The monsoon is acting coy again with latest data showing rainfall deficient in 26 of the 36 subdivisions the weather office tracks by the week. It is early days to be pessimistic — rain usually picks up over the subcontinent in July and August — yet sporadic spikes in prices of vegetables are
hitting the headlines. The costs of monsoon failure in India are well documented. The average drop in grain output in a drought year has been 11%. The impact on the growth of the economy is progressively declining as agriculture’s share in national income shrinks and the correlation with industrial output weakens. There is, however, no secular downtrend in the price impact. Historically, food inflation has ratcheted up by 4 percentage points in every year after a drought.
India’s experience with missing rain yields a ready policy response: draw down grain stocks to feed the poor, sell some of it in the open market to keep a lid on prices, lower taxes on food imports, pay more for farm produce, and ensure availability of power for irrigation. Essentially, however, a drought is a crisis to be managed, not mitigated. This mindset, and the accompanying resource allocations, must change. The other approach — rehabilitate water delivery systems — is our best bet against a failed monsoon. On paper, India has quadrupled its irrigated farmland since Independence and 43% of all crops are now grown with water from canals and wells. But we don’t maintain them very well. Uttar Pradesh, Andhra Pradesh, Tamil Nadu and Orissa have seen their acreage that does not depend on rain shrink since the 1980s because their canals are in disrepair. Gujarat, Haryana, Punjab, Rajasthan and Karnataka lead in overexploiting their wells. Nationally, excessive use of groundwater is growing at 5% a year, egged on by the policy of subsidising power and diesel for farmers’ water pumps.
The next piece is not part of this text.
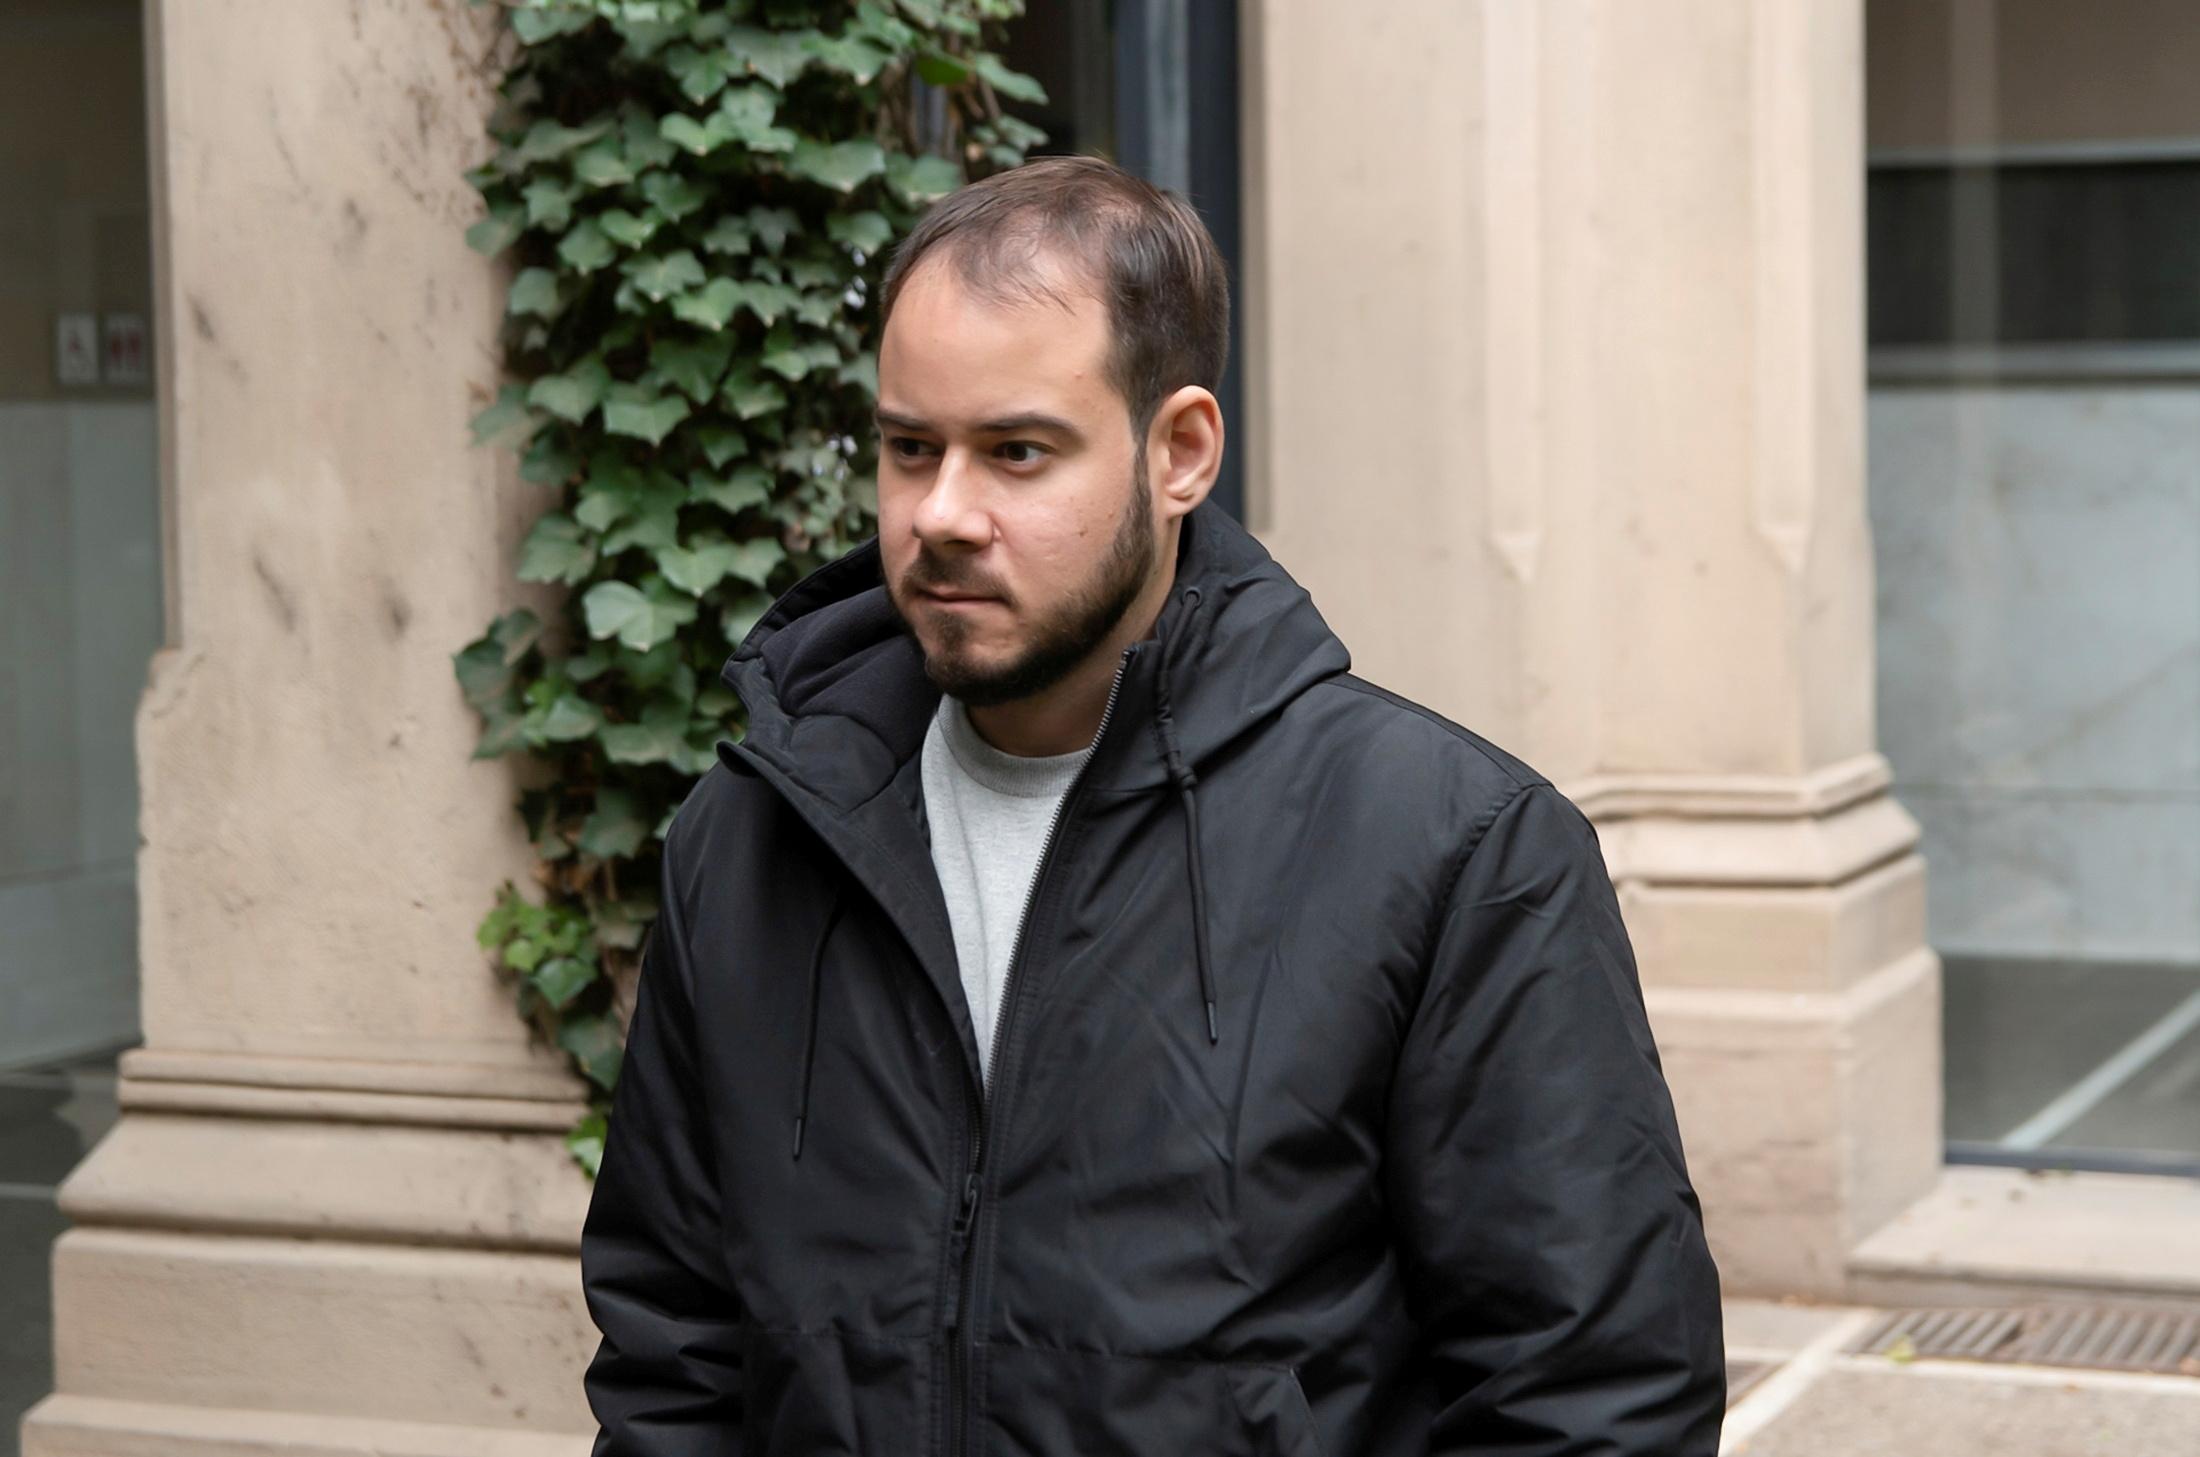 Ισπανία: Συνελήφθη ο γνωστός ράπερ που είχε ταμπουρωθεί σε Πανεπιστήμιο

Populist policymaking is coming in the way of India’s insurance against drought. Between 1976-80 and 2001-03 subsidies to agriculture grew from 3% of farm output to 7%. Over the same time, government investment in farming halved from 4% to 2% of agriculture GDP. Most of the subsidies are on fertilisers, power and irrigation water and these have actually contributed to the degradation of natural resources, the Planning Commission argues. Even a small cut in subsidies could free up resources to build and maintain canals and catch more of the monsoon rainwater that runs off into the sea.